Photoelectrochemical sensor for hypochlorous acid detection based on the MWNTs doped PEDOT loaded with BP5 functionalized gold nanoparticles

Abstract

Hypochlorous acid concentration anomaly may cause many serious diseases, so the development method to detect HClO high sensitivity and selectivity is of great significance in clinical diagnosis. Among many methods for detecting HClO, photoelectric chemical sensor has the advantages of high sensitivity and strong anti-interference ability, and has been widely used in the field of detecting HClO. Herein, a simple and specific photoelectrochemical sensor was constructed using A1/B1-type pillar[5]arene functionalized Au NPs and multi-walled carbon nanotube-polythiophene composites for the detection of hypochlorous acid.

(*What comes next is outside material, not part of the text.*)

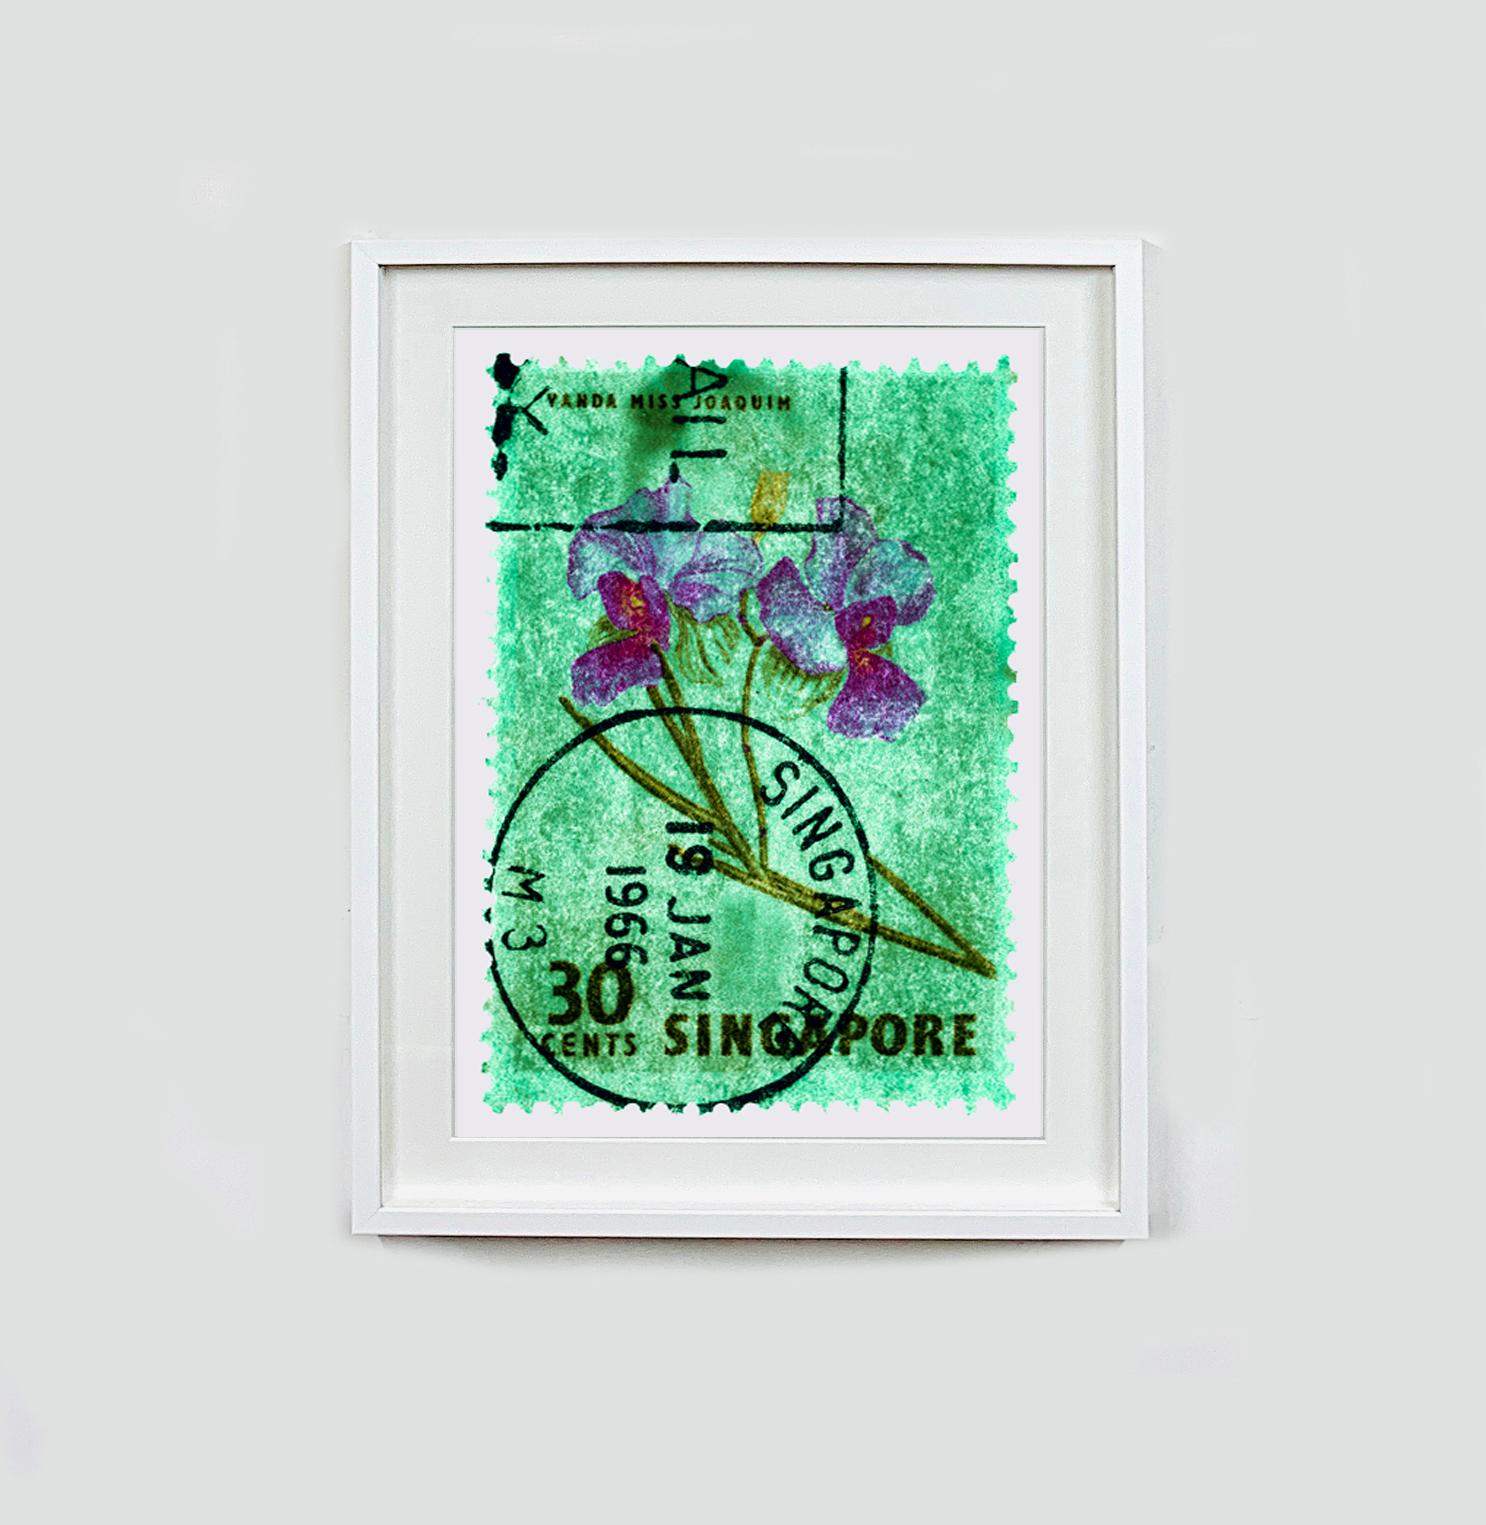 Singapore Stamp Collection, 30c Singapore Orchid Green - Floral color photo - Photograph by Heidler & Heeps

This approach was based on a sulfhydryl-borate ester modified A1/B1 type pillar[5]arene (BP5) as the main body, hypochlorous acid (HClO) as the guest, multi-walled carbon nanotube (MWNTs) conducting polymers doped with poly(3,4-ethylenedioxythiophene) (PEDOT) as the transport bridge and signal amplifier, as well as spherical gold nanoparticles act as the signal reporter. Specifically, the photoelectrochemical efficiency was further enhanced by the localized surface plasmon resonance effect (LSPR) of gold nanoparticles (Au NPs) and the host-guest complexation between BP5 and HClO. The large specific surface area of MWNTs doped with PEDOT significantly enhanced the electrical conductivity and chemical stability of PEDOT, facilitating accelerated electron transfer and mitigating the recombination of the photogenerated electron-hole pairs. Benefiting from the combination of Au NPs, BP5, MWNTs and PEDOT, the sensor exhibited excellent sensitivity with detection range of 0.5–340 μM and a detection limit of 0.17 μM, and distinguished selectivity against 6 interfering substances. Due to the adsorption and removal effects of pillar[5]arenes on heavy metal ions and pollutants in water, as well as their effective catalytic performance, we anticipate that this composite material also has great potential in photoelectrochemical detection, catalysis, and adsorption.